▶ What you need to do
Pictures aside, print all of the data below exactly as written.

---- Collected material

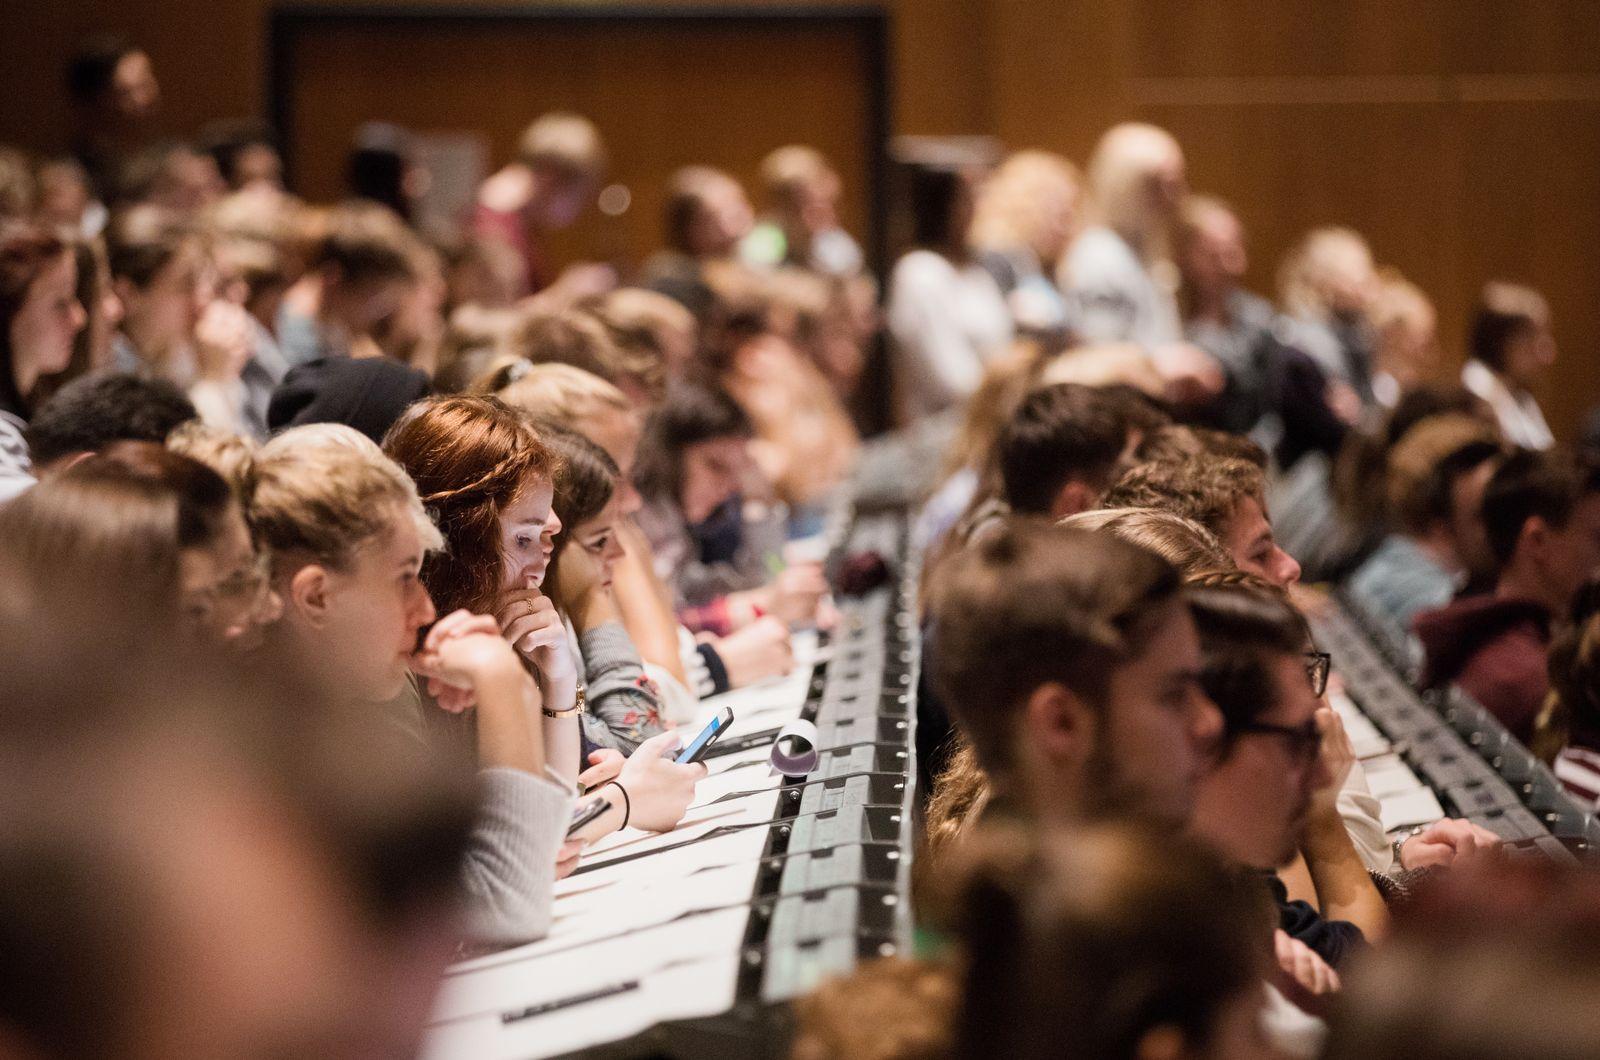 Universität / Studierende / Studenten / Vorlesung
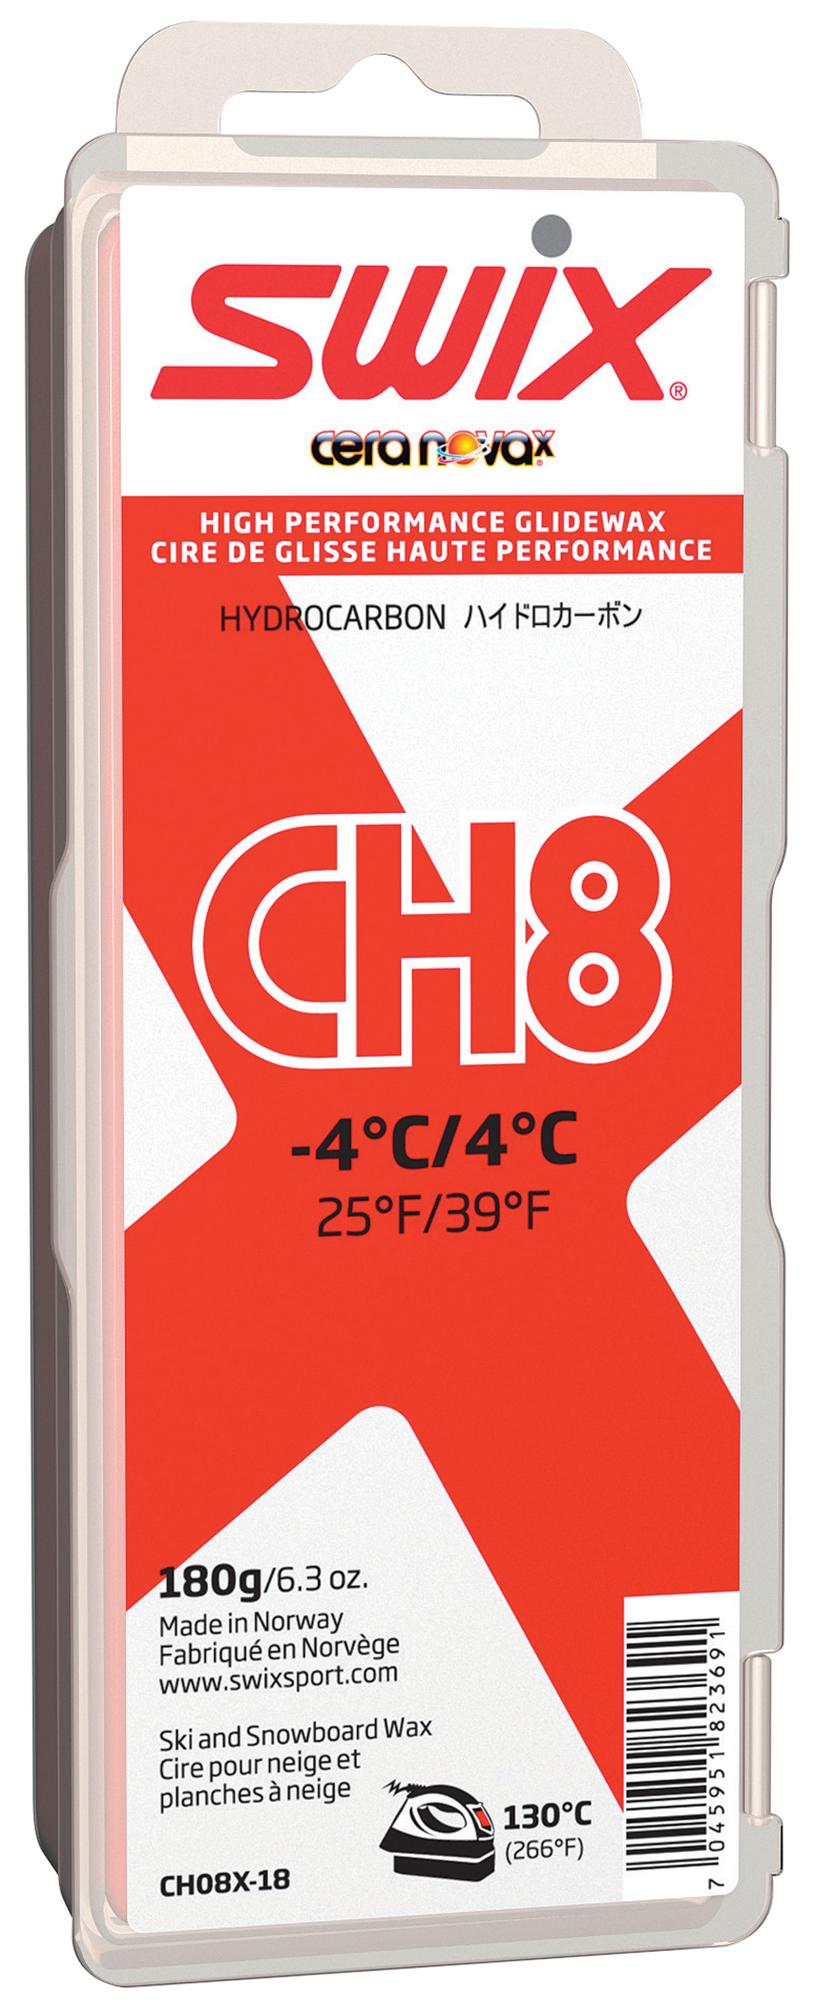 Swix Мазь скольжения Swix CH8, +4C/-4C colosseo 70805 4c celina
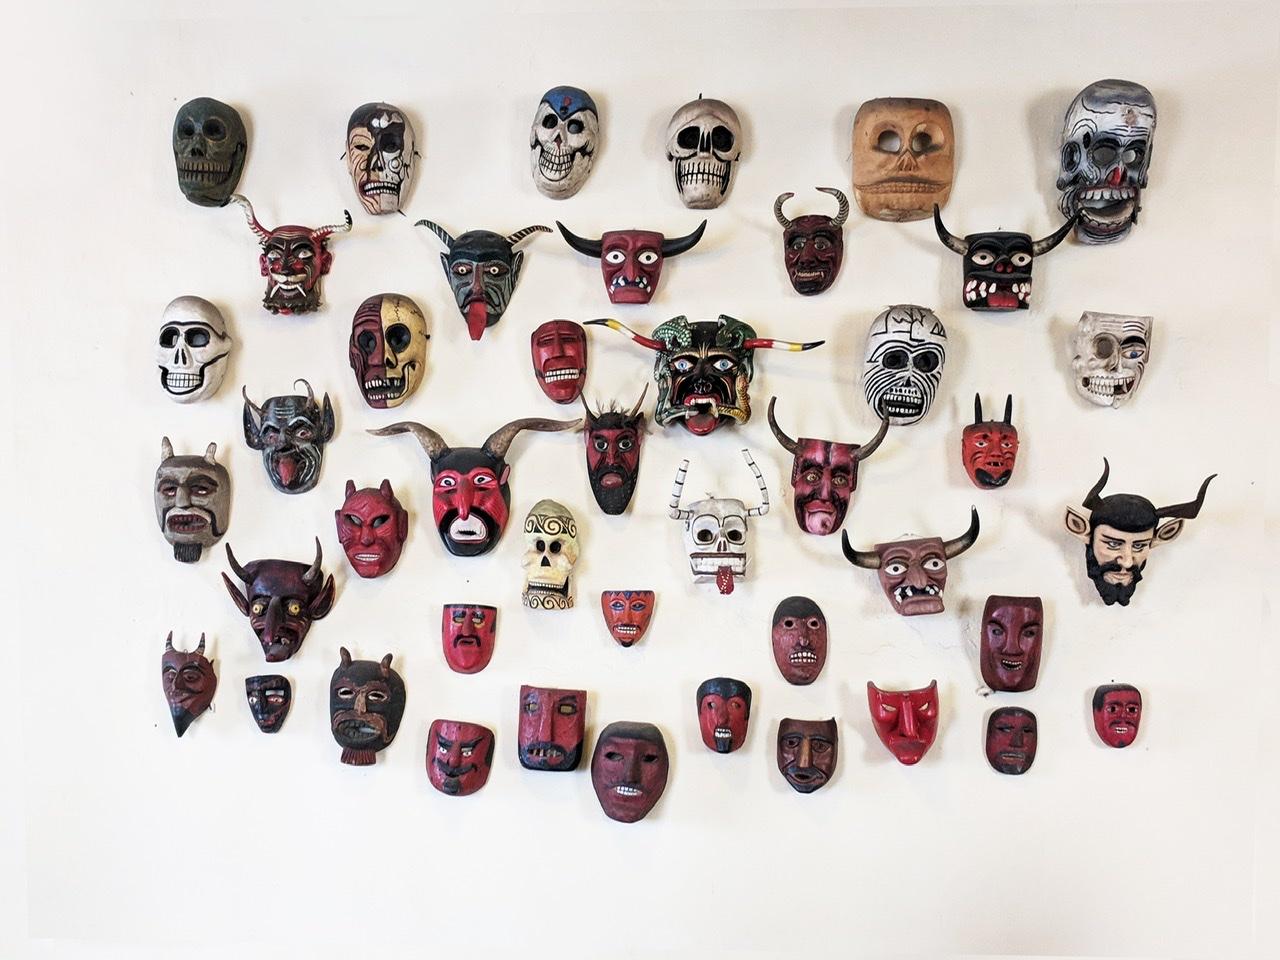 Devil masks feature

--------

▶ Expected answer
 Universität / Studierende / Studenten / Vorlesung
 Swix Мазь скольжения Swix CH8, +4C/-4C colosseo 70805 4c celina
 Devil masks feature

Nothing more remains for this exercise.